While Magna Carta is linked in the popular mind to June 15, 1215 when King John agreed to the Articles of the Barons in the meadow at Runnymede, numerous versions were made in the 13th century (most of them based on a revised charter of 1225). With each king who succeeded John, the document was modified, ratified and reissued. Numerous copies were made each time it was issued: in the case of the 1215 copy, that meant one for the royal archives, one for the Cinque Ports, and one for each of the 40 counties of the time. Four of these survive: two in the British Library, and one each at Lincoln and Salisbury Cathedrals.

The copy owned by Sotheby's vendor (The Perot Foundation) is dated October 12, 1297, when Edward I's Parliament reissued Magna Carta for the final time.

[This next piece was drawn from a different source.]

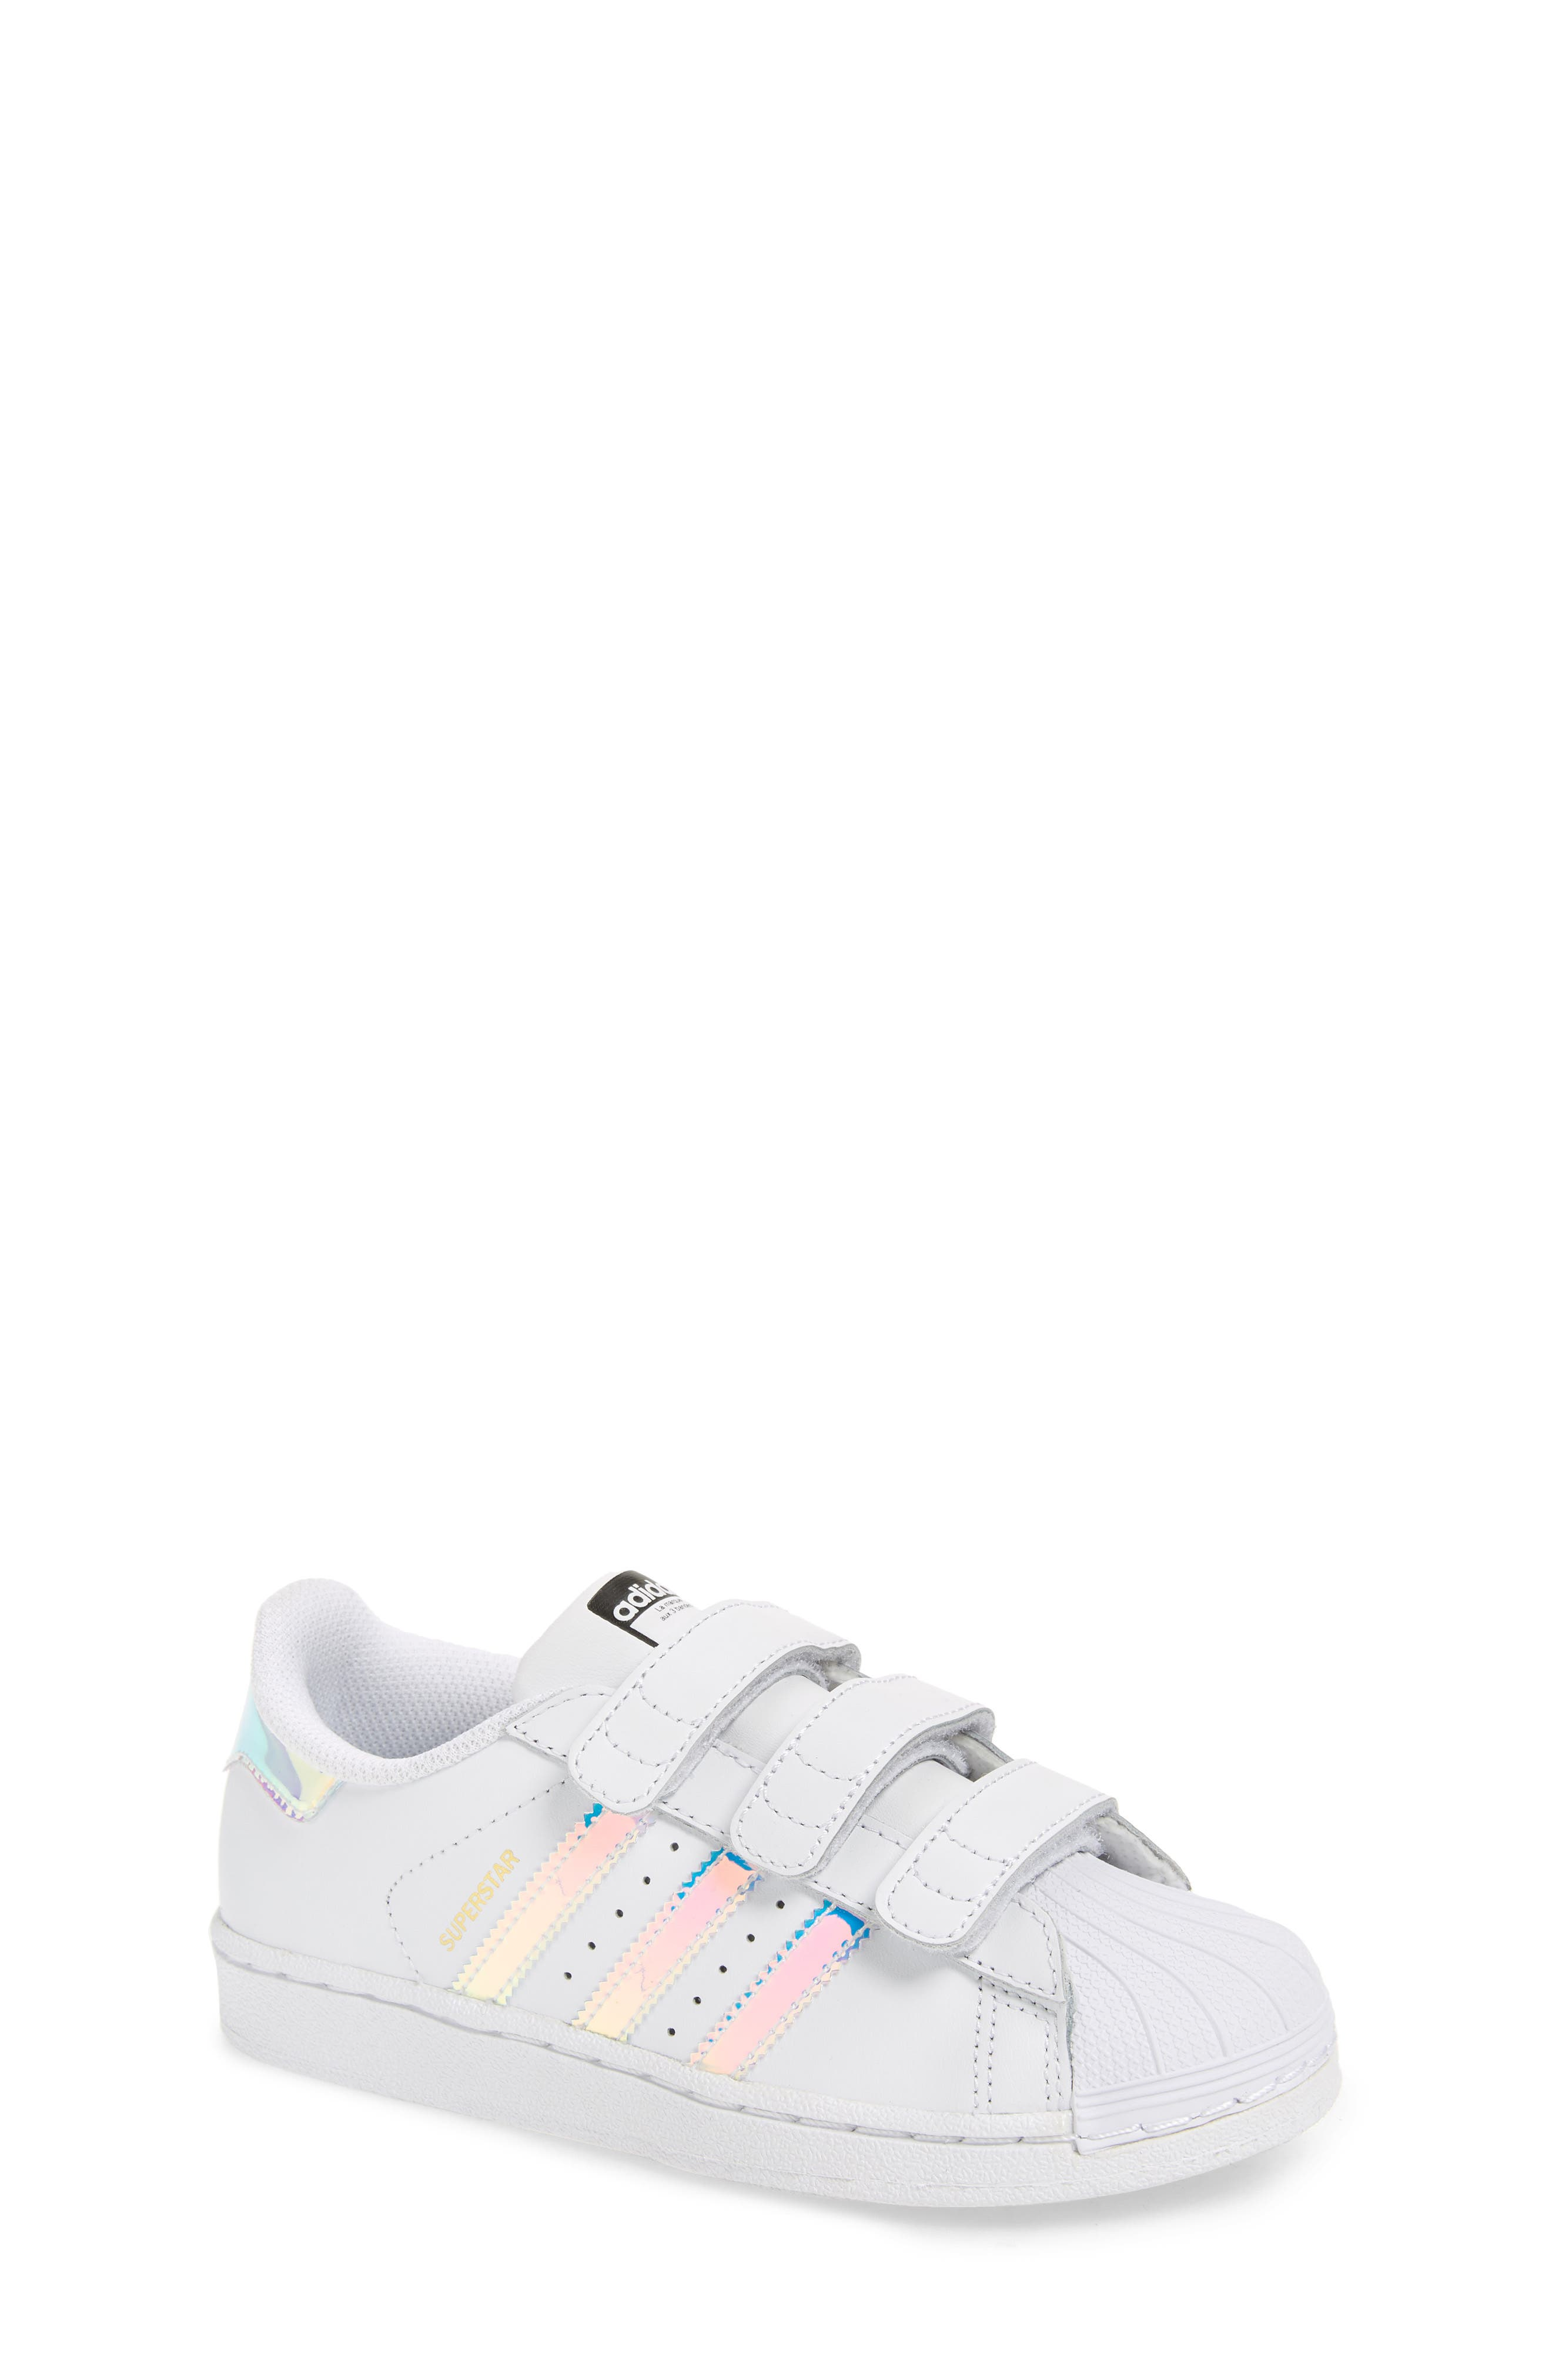 Superstar - Iridescent Sneaker,                         Main,                         color, 100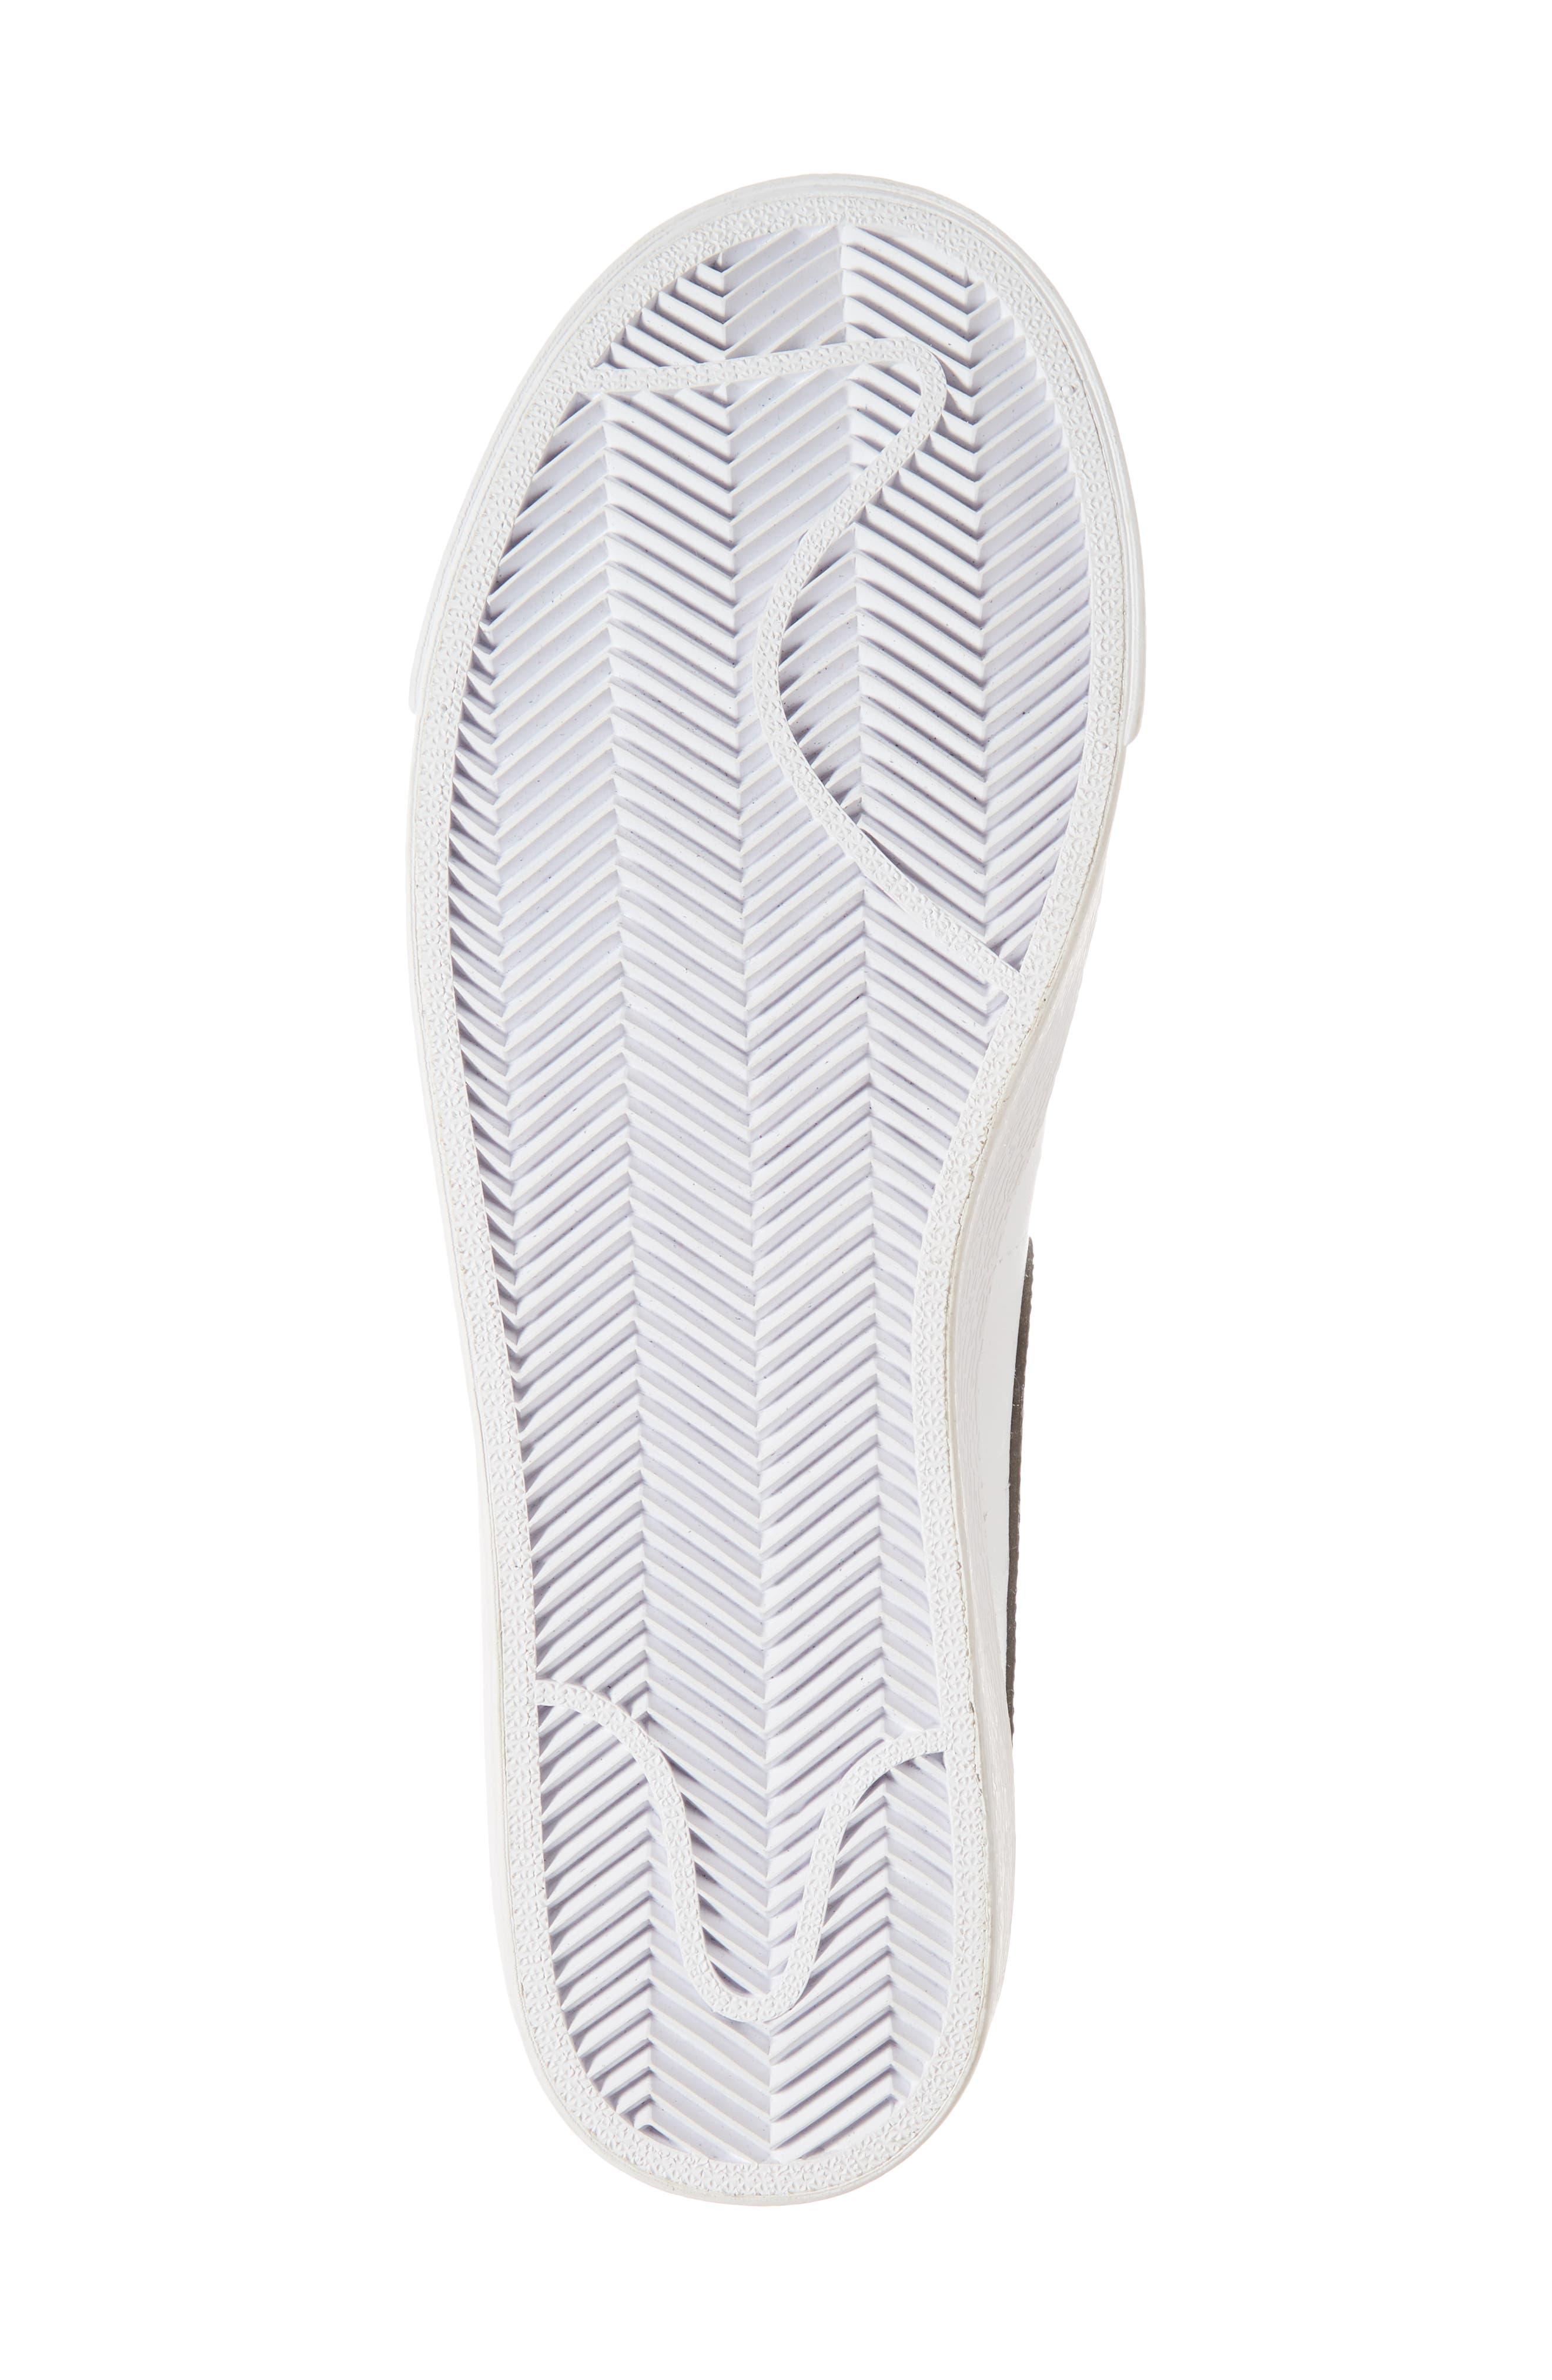 Blazer Low Essential Sneaker,                             Alternate thumbnail 6, color,                             100

In September 1984 Ross Perot, the Texan billionaire who twice ran for President in the 1990s, bought it for $1.5m from descendents of James Thomas Brudenell, the Earl of Cardigan who led the Charge of the Light Brigade during the Crimean War. Originally intended for the shire of Buckingham, it was documented in the possession of the Brudenell family of Deene Park, Northamptonshire since the late 14th or early 15th centuries. It is not known how the document came into the possession of the Brudenell family, but it was probably through one of two family members who were distinguished lawyers.

Together with another 1297 Magna Carta in the National Library of Australia (purchased by the Australian government for £12,500 in 1952) this is one of only two copies of Magna Carta outside England.

The document is estimated to sell for $20m-30m with the proceeds benefiting the charitable activities of The Perot Foundation.